Data attribution that is fast and effective


TRAK is orders of magnitude faster than comparably effective data attribution methods, and orders of magnitude more effective than comparably fast methods.

Quickstart

Installation


For a fast version with custom CUDA code, use

              pip install traker[fast]
            

You will need CUDA toolkit and gcc to compile it. For the version that does not require compilation, use

              pip install traker
            

For more details, visit the installation FAQs.

Basic usage


Below we provide a minimal (pseudo)code example showcasing the basic workflow of getting TRAK scores for a given model-dataset pair. For more in-depth examples, including ready-to-run notebooks, check the tutorials in our docs. Those include how to use TRAK with BERT, how to set up TRAK with SLURM, and more!

First, intialize your model and data loaders you want to score with TRAK. For example,

            from torchvision import models
model = models.resnet18()
checkpoint = model.state_dict()
train_loader = ImageNetDataloader(train=True, ...)

Then initalize the TRAKer class and process (featurize) the train set.

              traker = TRAKer(model=model, task='image_classification', train_set_size=...)

traker.load_checkpoint(ckeckpoint, model_id=0)
for batch in train_loader:
  traker.featurize(batch=batch, num_samples=batch[0].shape[0])
traker.finalize_features()

Finally, get the TRAK scores for your targets, e.g. all ImageNet validation samples:

targets_loader = ImageNetLoader(train=False, ...)
traker.start_scoring_checkpoint('quickstart', ckeckpoint, num_targets=...)
for batch in targets_loader:
    traker.score(batch=batch, num_samples=batch[0].shape[0])
scores = traker.finalize_scores(exp_name='quickstart')

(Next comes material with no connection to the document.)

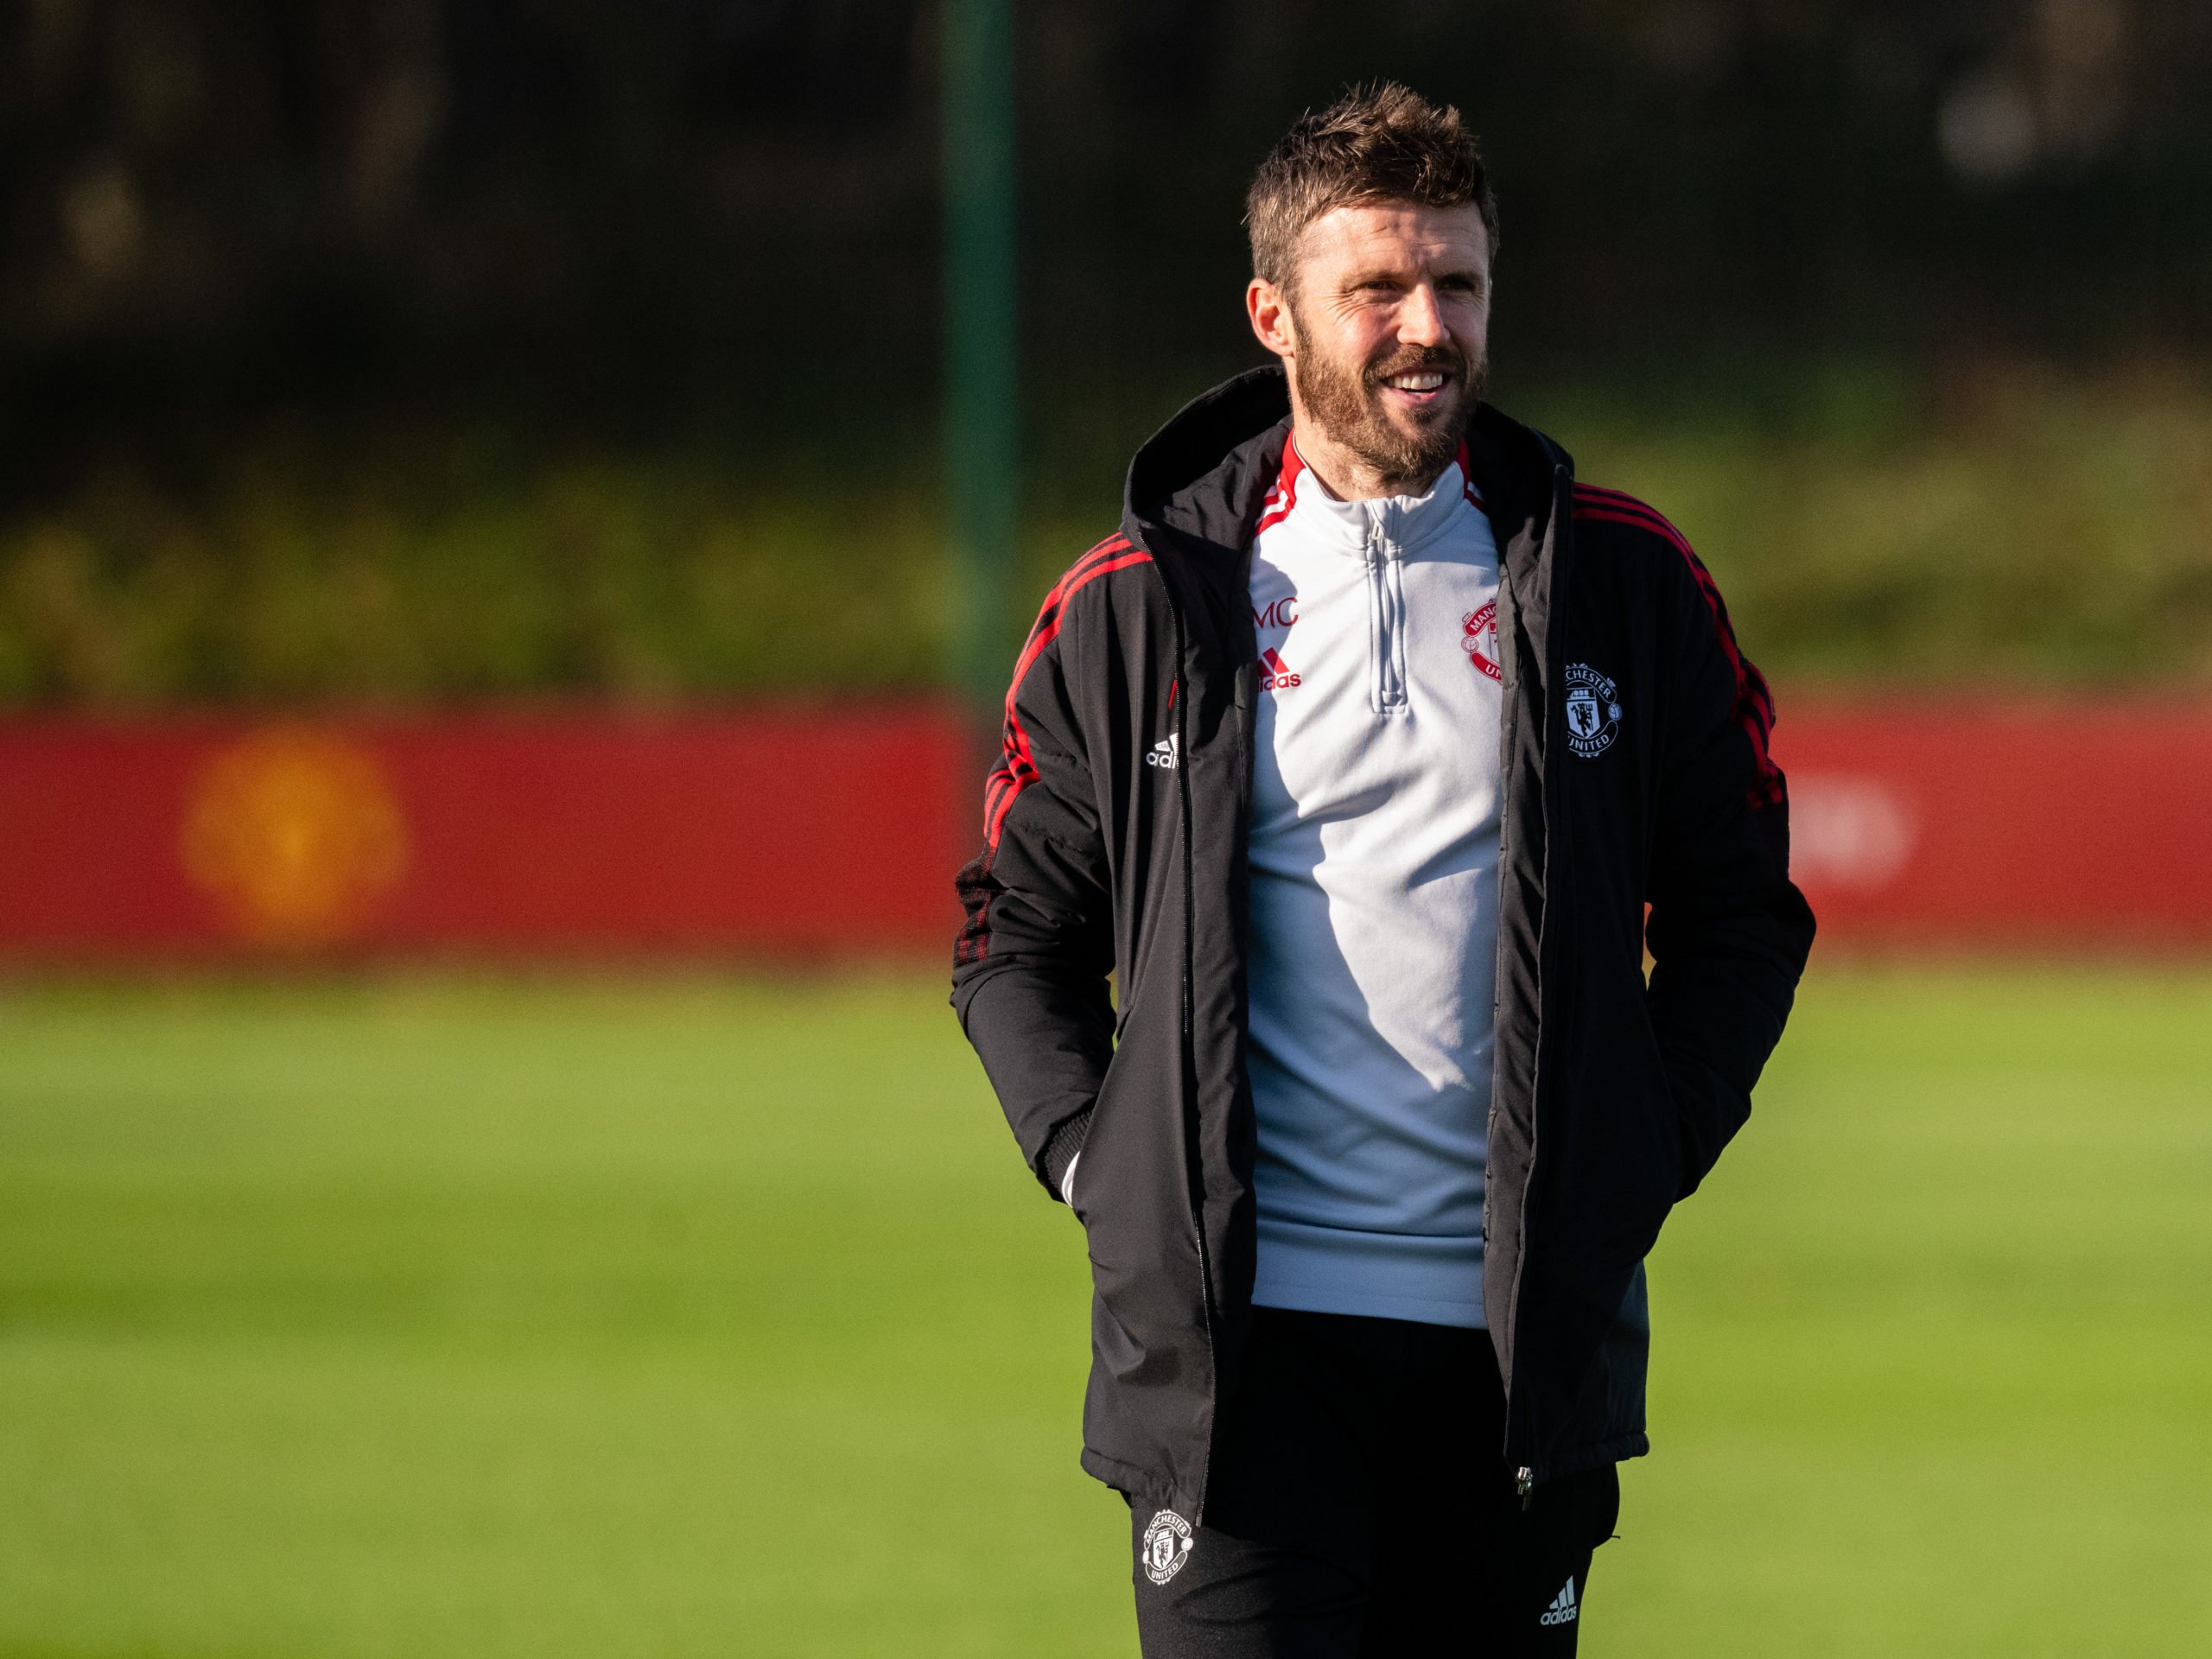 Carrick issues fitness update ahead of United's clash with Chelsea

That's it! Now you're have the TRAK scores in a numpy array. Check out the section below for some examples!

Example TRAK scores in language and vision tasks

Microsoft COCO is a dataset containing images of complex everyday scenes described with free-text captions. CLIP is a model that learns visual concept from natural language supervision by embedding the images and captions in a shared latent space.

Below we show the highest scoring image-caption pairs for a few randomly selected targets from the MS COCO test set. Image-caption pairs from the train set with high TRAK scores have a high influence on CLIP "thinking" that the target image and caption should be close in its latent space.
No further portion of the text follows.